Но все это никоим образом не опровергает того факта, что в процессе лечения я стал намного слабее, чем раньше. В самом начале я подарил своим радиологам шампанское и безо всяких усилий вскочил в такси. В процессе же лечения в вашингтонской больнице я заполучил агрессивную стафилококковую пневмонию (и дважды был отправлен с нею домой), которая чуть было меня не прикончила. Смертельная слабость, охватывавшая меня, также несла в себе серьезную угрозу: мне часто хотелось покориться неизбежному. Меня охватывали фатализм и апатия — я чувствовал, что проигрываю свою битву и был готов сдаться. От окончательной сдачи спасли меня жена, которая и слушать не хотела бессмысленных и нудных разговоров, и друзья, которые общались со мной абсолютно откровенно. А, да, еще постоянные обезболивающие! Как счастлив я был, увидев заветный шприц! Это было для меня настоящим событием. Если вам повезет, то некоторые анальгетики могут дать вам приятное ощущение, некое согревающее покалывание, которое покажется вам истинной благодатью. Почувствовав это, можно уподобиться несчастным наркоманам, которые грабят аптеки в поисках оксиконтина[118]. Это ощущение избавляет вас от скуки, это порочное удовольствие (одно из немногих доступных обитателям Туморвилля) несет в себе и избавление от боли.

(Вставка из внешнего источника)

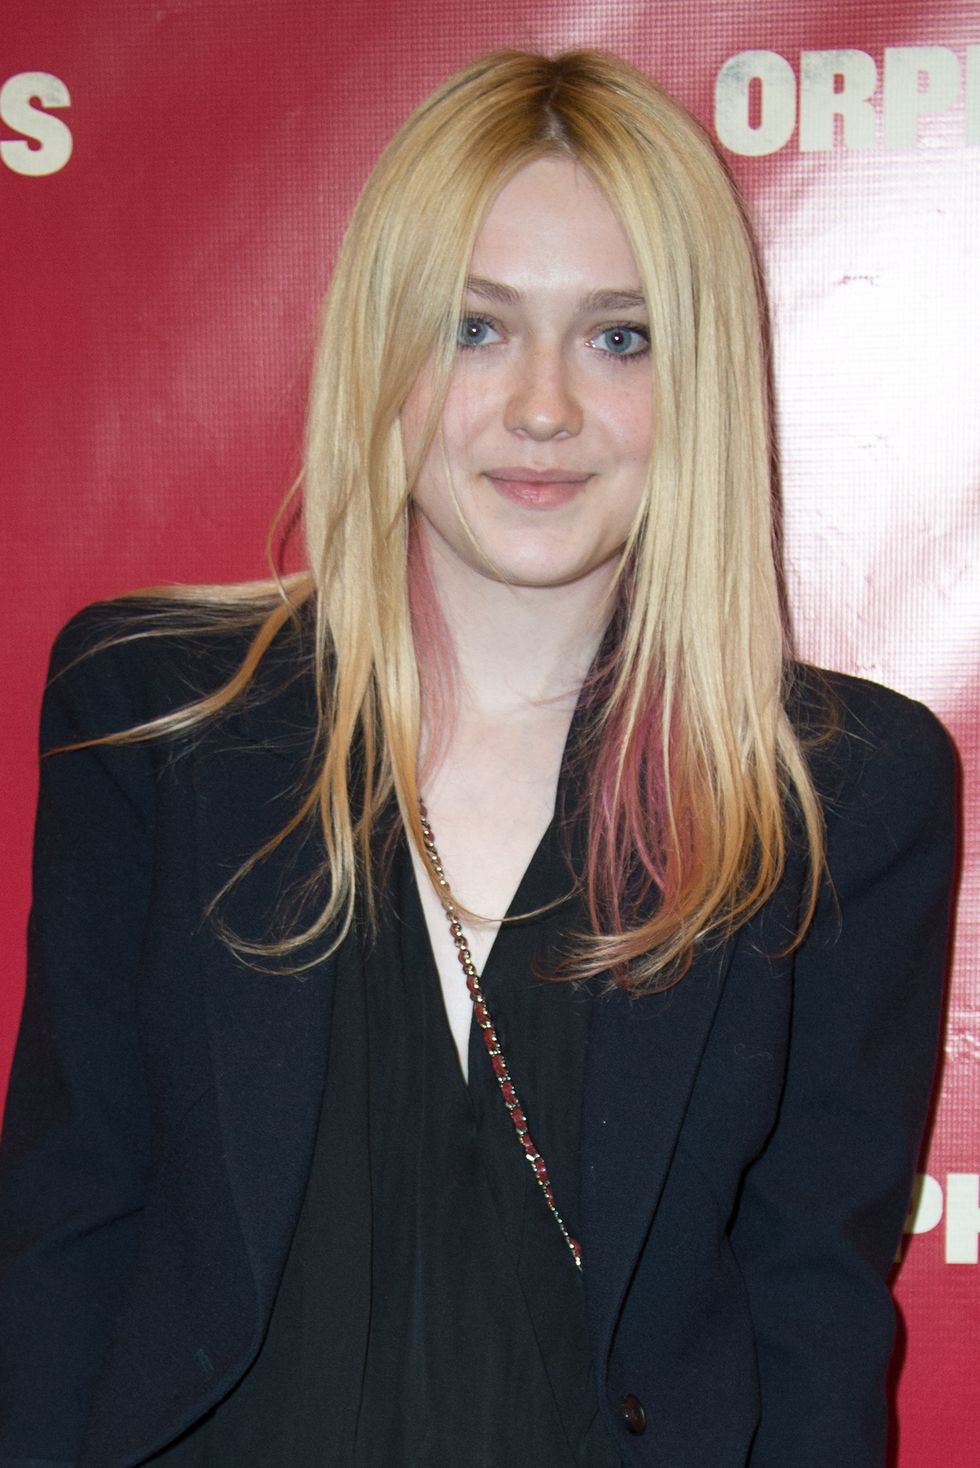 dakota fanning in 2013 wearing a black blazer with blonde and pink hair

В моей английской семье[119] национальным поэтом считали не Филиппа Ларкина[120], а Джона Бетджемана[121], барда пригородов и среднего класса. Это был человек гораздо более едкий, чем порой может показаться — мир почему-то считает его поэтом милым и уютным, чем-то вроде медвежонка Тедди. Стихотворение «Пятичасовая щетина» говорит о последнем кошмаре, пережитом этим человеком:

Наступает время, когда все мы, обитатели мужского отделения, Думаем: «Еще один приступ боли — и я прекращу борьбу». И тот, кто еще пытался дышать, оставляет свои попытки… Это день, который мучительнее ночи…

Я убедился в правоте поэта: наступает момент, когда кажется, что боль никогда уже не пройдет, а ожидание следующего укола становится невыносимым. Неожиданно перехватывает дыхание, начинается мучительный кашель, а потом — если день неудачный — еще более невыносимое отхаркивание. Пинты слюны, слизи… И кто, черт побери, решил, что в этот момент мне пригодится еще и изжога? Я ведь ничего не ел — вся пища поступает по трубкам и капельницам! Детское чувство обиды лишает тебя последних сил. Вес убывает на глазах, и никакие трубки не могут с этим бороться. С момента постановки диагноза я уже потерял треть своего веса. Да, это меня не убивает, но атрофия мышц делает тяжелыми даже самые простые упражнения, без которых я просто перестану быть человеком.

* * *

Я пишу это сразу после обезболивающего укола, который призван снять боль в моих руках, кистях и пальцах. Побочный эффект боли — онемение конечностей, наполняющее меня отнюдь не иррациональным страхом того, что я утрачу способность писать. Я абсолютно уверен, что без этой способности мое «желание жить» заметно ослабеет. Я часто высокопарно заявлял, что писательский труд — не просто занятие, которым я зарабатываю себе на жизнь, но сама моя жизнь. И это не преувеличение. Потеря голоса мучила меня, но благодаря нескольким уколам в голосовые связки эта способность ко мне вернулась. Но ослабевшие и неспособные двигаться руки окончательно лишают меня индивидуальности! Руки для меня — это своеобразные ремни трансмиссии, связывающие меня с писательством и мышлением.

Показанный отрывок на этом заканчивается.